Afghan security officials said at least nine militants had stormed the building, and all had been killed.

A senior provincial judge, some waiters and musicians performing at the hotel were among the dead.

At least eight people were wounded including two New Zealand members of Isaf special forces who were "moderately" injured.

The attack began while many guests were in the dining room late on Tuesday.

Afghan officials told the BBC that one suicide bomber had blown himself up at the front of the hotel and another on the second floor.

Witnesses said panic broke out as guests, including a wedding party, fled for safety.

'Hiding in hotel room'

An official from the northern Takhar province told the BBC he saw men armed with grenade-launchers and machine guns running towards the hotel.

Analysis

Once again there are questions about the effectiveness of Afghan security forces. The fact that a Nato attack helicopter was required to kill gunmen firing from the hotel roof also reinforces this narrative that the Afghan police and army are incapable of operating effectively alone.

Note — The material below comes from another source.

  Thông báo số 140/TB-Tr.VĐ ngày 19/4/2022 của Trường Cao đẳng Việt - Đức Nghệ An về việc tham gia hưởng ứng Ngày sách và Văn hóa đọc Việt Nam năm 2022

A much more detailed analysis of the operation will be required to draw the full lessons.

Beyond the immediate psychological impact of the attack, a curious game of signals is being played here.

Nato is maintaining the military pressure on the Taliban, killing large numbers of middle-ranking commanders, in an effort to persuade the top leadership that negotiations are the only answer. The Taliban, too, are mounting operations like this one to underline that they remain far from defeated and their reach extends to show-case targets in the Afghan capital itself.

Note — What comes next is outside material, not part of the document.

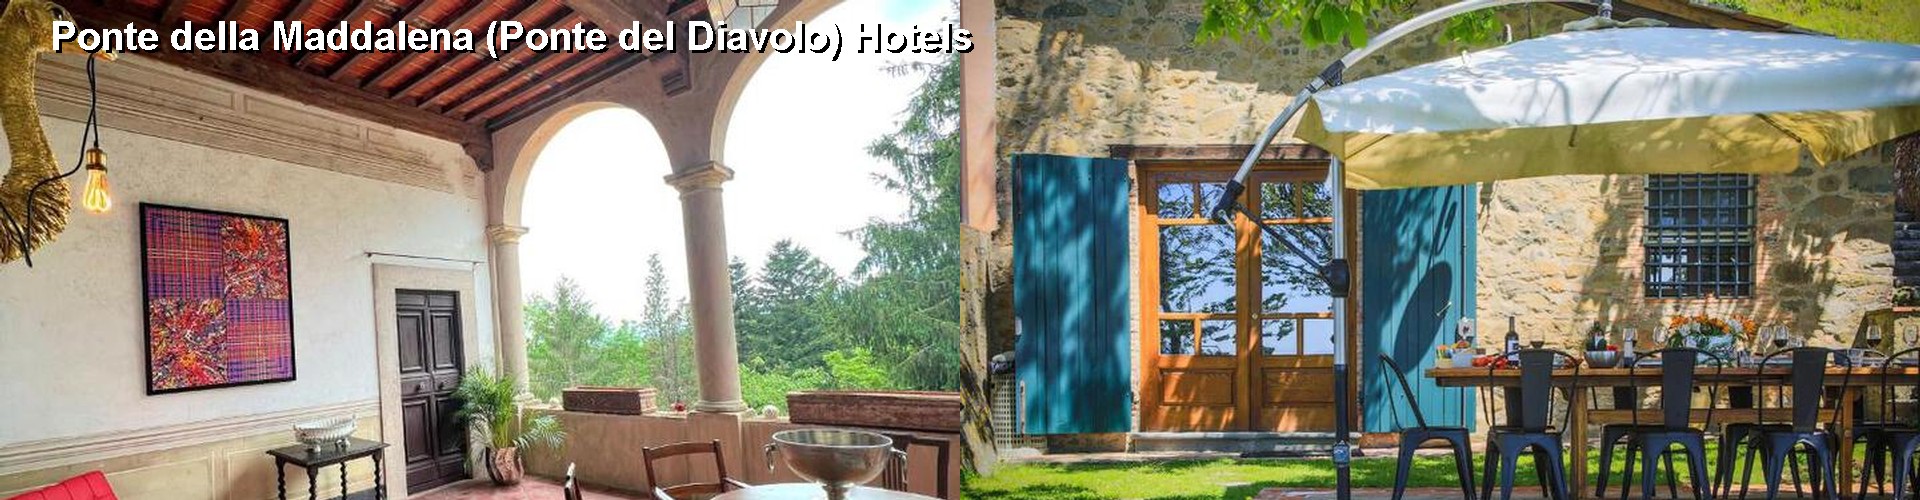 5 Best Hotels near Ponte della Maddalena (Ponte del Diavolo)

They shot dead his friend, a senior judge from the province, Mawli Hamdullah Warsaj added.

Afghan troops and police sealed off the building and cut the power, as security forces were using night-vision equipment.

Intense gunfire was heard coming from the hotel and some explosions could be heard up to 5km (3 miles) away, said the BBC's Bilal Sarwary in Kabul.

Afghan police said one militant was shot dead as security forces fought their way through.

Three attackers managed to reach the roof and Afghan officials then asked the Nato-led International Security Assistance Force (Isaf) for help, security sources told the BBC.

Isaf spokesman Major Tim James said those killed on the roof by Nato helicopters appeared to have been wearing suicide vests.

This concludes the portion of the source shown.